I saved this for last because of the importance it plays in overall health and wellbeing. It is estimated that 16 million or more Americans practice yoga on a regular basis and many are convinced (and I’m one of them) that it is the key to enhanced physical and emotional health. Western scientists are just beginning to study and appreciate the wide range of benefits yoga offers people with chronic conditions. Research shows that a committed yoga practice not only strengthens and tones the body, but also quiets the mind and reduces stress, lowers blood pressure, relieves asthma symptoms, balances hormones, strengthens the cardiovascular system, eases digestive problems, helps alleviate inflammation, and on and on. There’s a reason it’s been around for thousands of years.

Exploring holistic and alternative approaches to health and healing might be the perfect “medicine” for reversing the problems associated with celiac disease. And before you know it, you won’t define yourself as having a disease, you’ll define yourself as having renewed inspiration and vitality.

*Nutrition therapy notes
(This is the short version; I’m only listing the highlights. These foods were chosen to boost immune function and reduce symptoms associated with celiac disease.)

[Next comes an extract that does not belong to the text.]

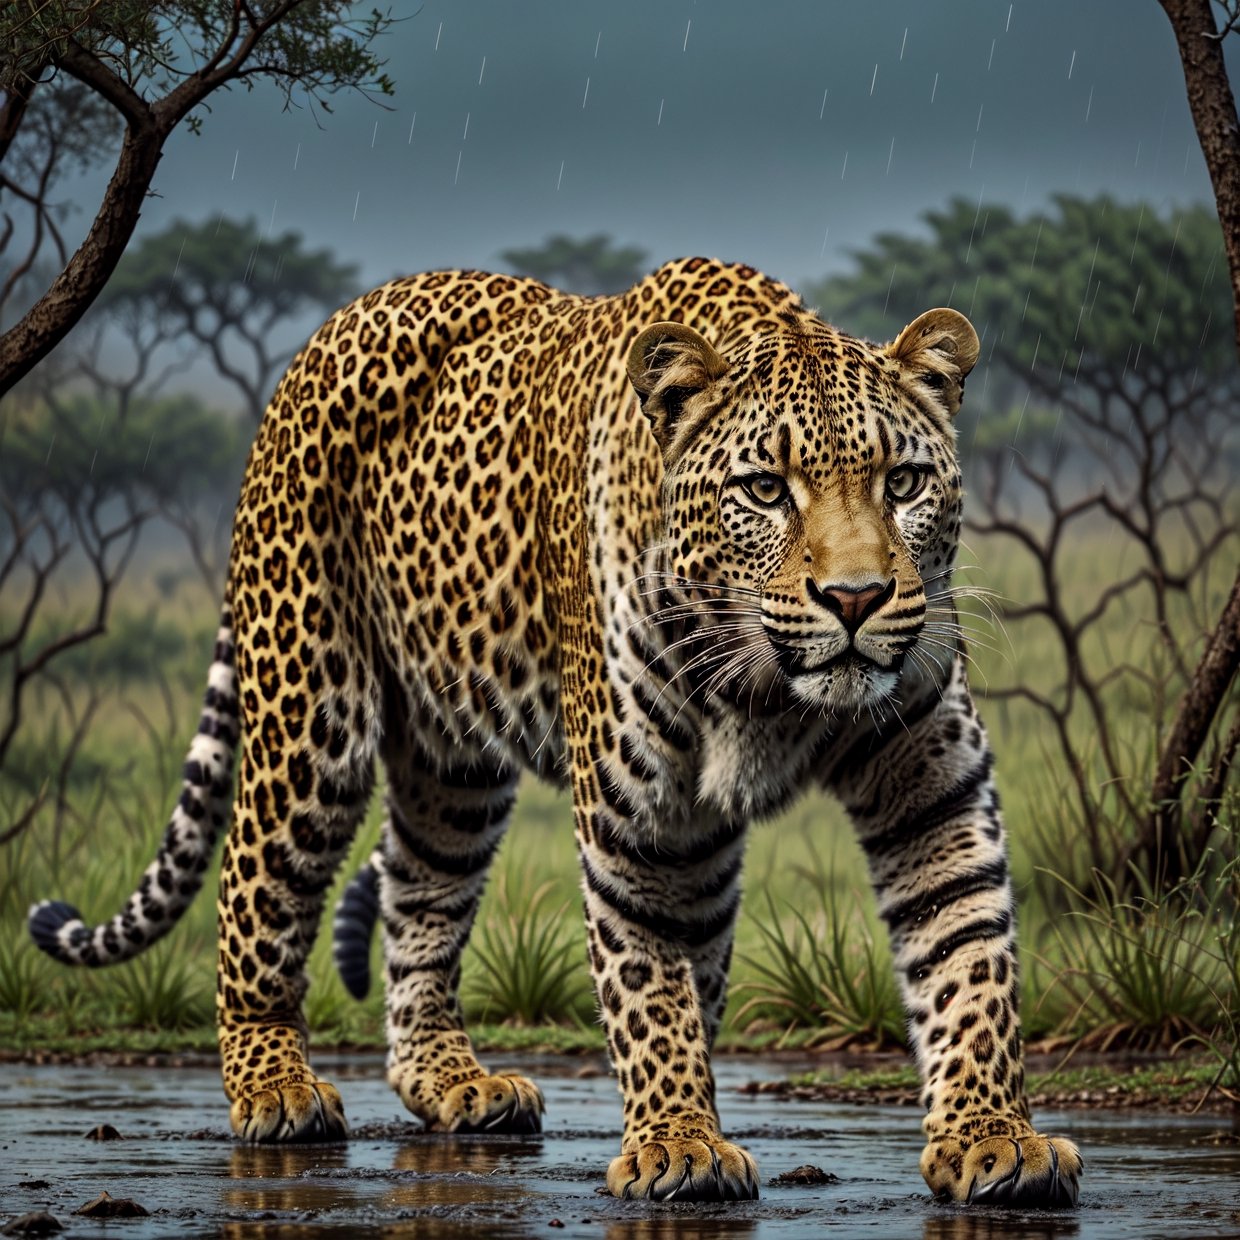 a leopard in a rainy savanna at dusk, realistic, 4k, extremely detailed, highly detailed animal, realistic fur, realistic lighting, dramatic lighting, moody atmosphere, muted colors, beautiful cinematic composition, photorealistic, award winning photograph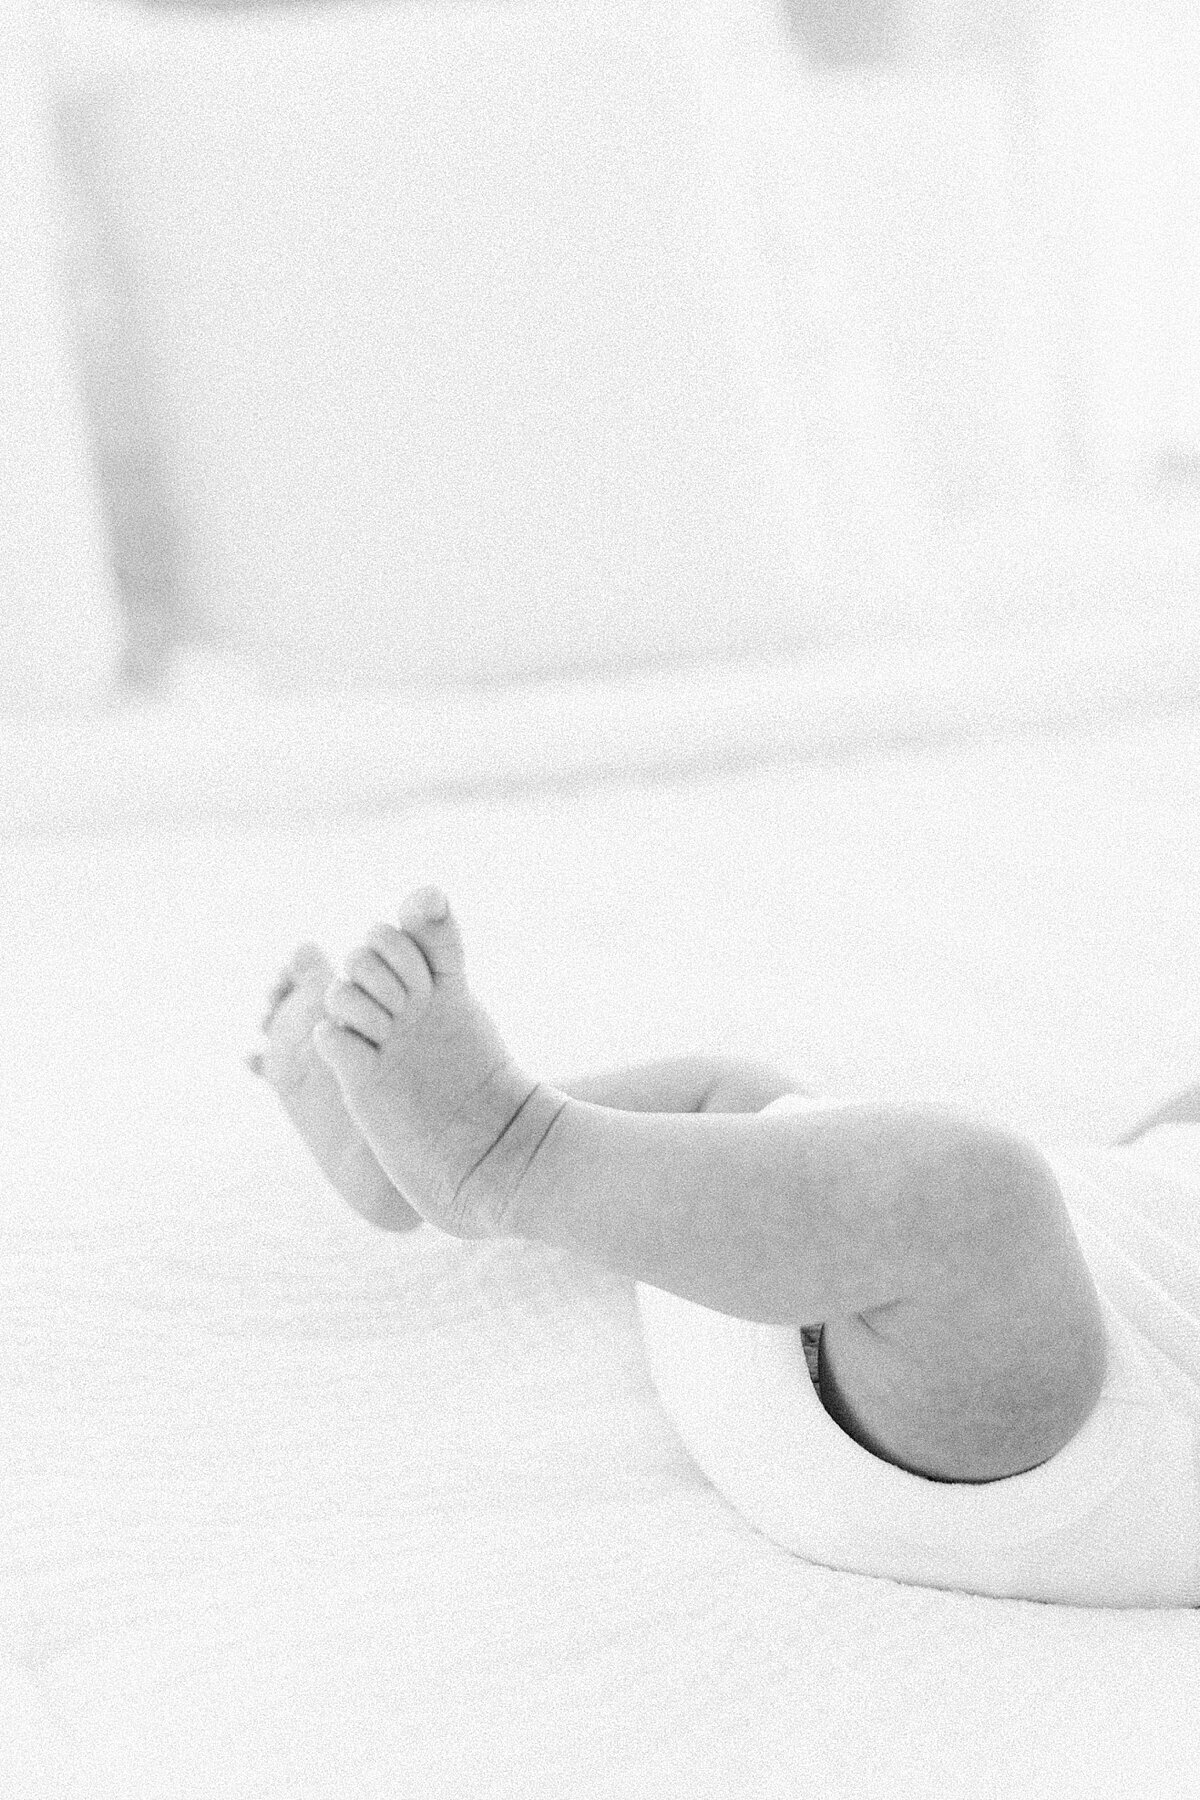 in-home-lifestyle-session-charleston-newborn-photographer-caitlyn-motycka-photography_0003

  • Salmon—Rich in omega-3 fatty acids, which help reduce inflammation and are thought to be protective against many types of cancers. Salmon is also rich in selenium, tryptophan and vitamin D.
  • Brown rice—Excellent source of manganese, selenium, magnesium and fiber.
  • Shiitake mushrooms—A symbol of longevity in Asian culture, these mushrooms are rich in a compound called lentinan, which boosts immune function. They are also high in antioxidants and iron.
  • Beets—Good source of antioxidants; rich in folate, manganese, and potassium.
  • Spinach—Calorie for calorie, spinach is a powerhouse. It’s packed with vitamins K, A, and C, manganese, folate and iron.
  • Dark Chocolate (gluten-free)—I’m sure you’ve heard the news; dark chocolate is very high in protective antioxidants. It is also rich in magnesium, iron, and vitamin D. Aren’t we lucky!

1. Cellier C, Green P. Review Article: Medical Progress—Celiac Disease. N Engl J Med 2007;357:1731-43.